SPENCER: I'm somewhat sympathetic because we do some machine learning in our work. And so many times where we just can't tell if a machine learning algorithm is working properly. We're like, "Okay, we think it's working. But it's not getting as good a performance as we hoped. Does that mean there's a bug? Or does it mean there's something misguided in it? Or we need to tweak the parameters of it? Or do we need to change the shape of it?" And even just things as simple as setting your hyperparameters like that could be running something for 30 hours. And then what if the range you were trying was not right? And there's all these really annoying, pragmatic questions, and you're doing machine learning research that just seems like not the sort of thing you'd expect.

BUCK: Yeah. But in particular, my claim is: The main difficulty is, in fact, just doing kind of obvious experiments. A lot of the time if you want to know how you should set your hyperparameters differently, it's not impossible to know the answer to this question. You just have to do things that are fiddly. So you might want to look at how quickly the weights in your different neural net layers are changing over time. And you can in fact, learn things about how your hyperparameters should be set differently by looking at diagnostics like that. And the thing which is hard about this is, fundamentally, it's really annoying to implement diagnostics. It's just a hassle to implement these diagnostics and the diagnostics have to run quickly. And the natural way of writing them doesn't give you a way of testing them until you've already trained your model. And it feels much more like an execution problem, where, "If only I could just do all of the ideas that are kind of obvious, I would have solved most of my problems." Whereas before, it seems to me more like the challenge was coming up with good ideas, or defining how I should tweak things so that they would work better.

SPENCER: Does that mean you're putting more time into tool-building?

BUCK: Yeah, it at least means that I should be putting more time into tools.

SPENCER: [laughs] Well, if you model yourself in the first order as a rational agent, then you're putting more time in tool-building?
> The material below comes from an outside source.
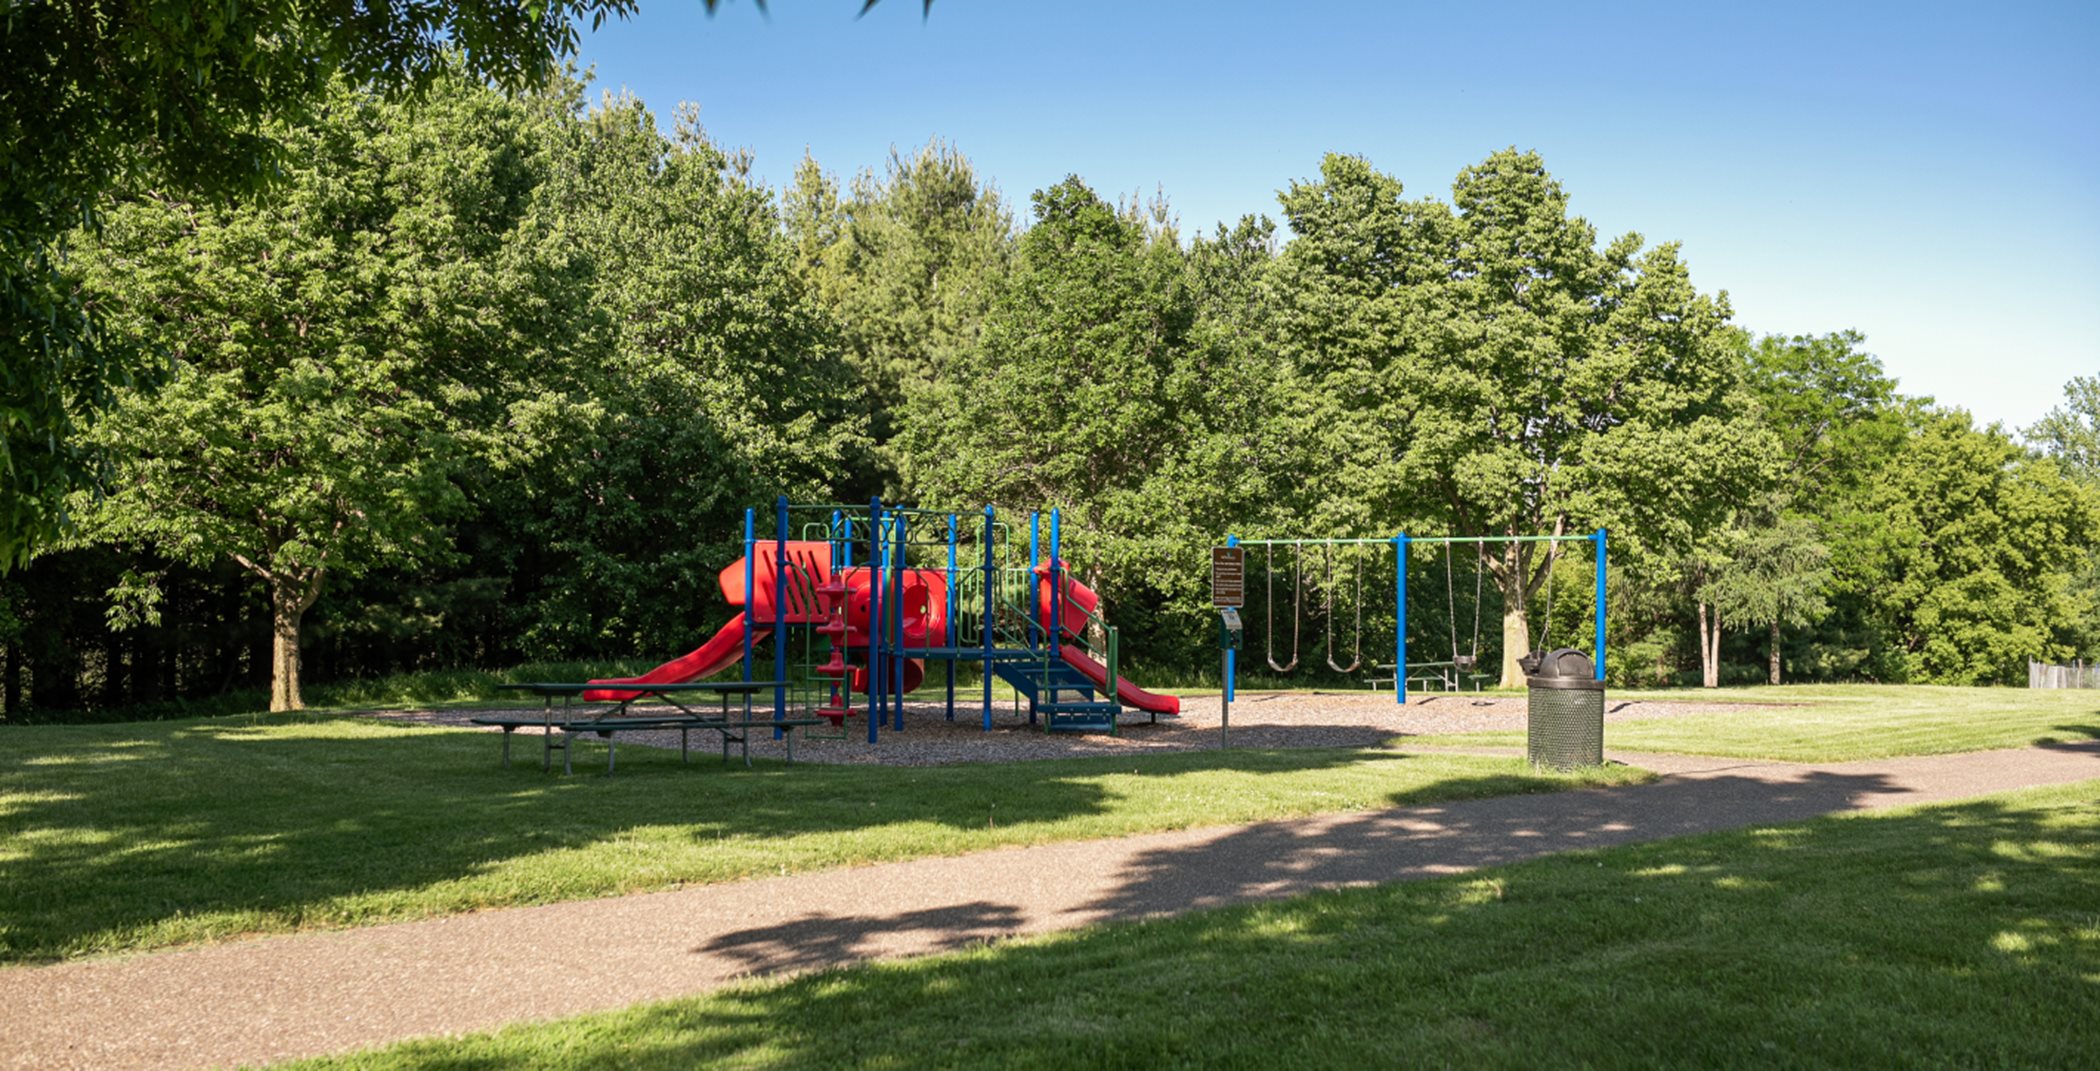 Woodbury playgrounds

BUCK: Yeah, for sure. I would say that compared to how I used to look at these things, I've updated towards thinking we should spend more of our time trying to get really fast at executing the basic tasks of machine learning, of getting diagnostics, training things conveniently, testing our code to make sure that we aren't making dumb mistakes, and so on. And I've also updated towards thinking that it's easier to get value out of hiring less experienced people, as long as those people are very good at programming, because it feels to me like most of the problems are basically simple programming problems.

SPENCER: Right. Like good software engineering, like unit testing, and things like that?
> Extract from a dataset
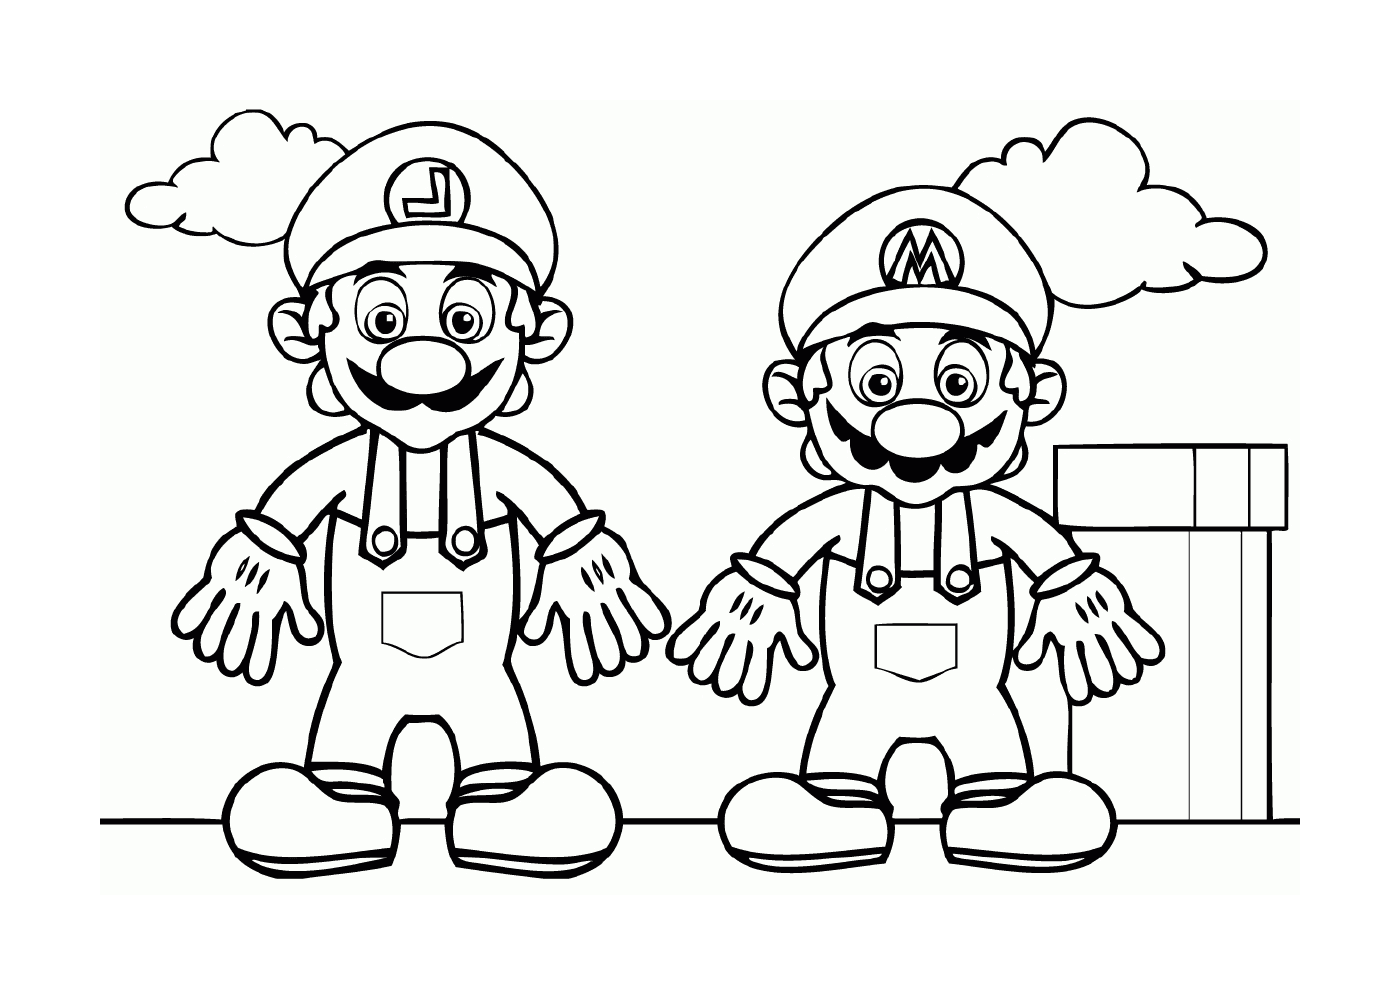  Mario e Luigi, due famosi fratelli

BUCK: Or it's not simple software engineering but it's just difficult software engineering, rather than difficult software engineering which is also extremely conceptually entangled with complicated, massive intuitions. The intuitions feel less important to me now.

SPENCER: Any other changes in your view on machine learning?

BUCK: I don't know, a lot of stuff seems a lot more principled than it used to be. It feels like a more elegant subject than it used to.

SPENCER: The methods people are using, they now have better justifications for why it makes sense to use them rather than just feeling like a hack or grab bag of tricks?

BUCK: Absolutely. It no longer feels like a grab bag of tricks. It feels when I read a machine learning paper nowadays, I'm usually like, "Yeah, this is a pretty solid idea. It's not massively galaxy brain. I can imagine thinking of this idea kind of quickly." It sounds like a pain to actually make it work out in practice, and props to the authors for making it work out in practice. And I'm sure that of all the ideas that would sound as good as this to me, only one in 10 would actually do something good. And so, we have to actually try a lot of things before it works out. But fundamentally, this isn't an absurd mystery, or it doesn't feel like there's no way I can imagine coming up with this thing on my own.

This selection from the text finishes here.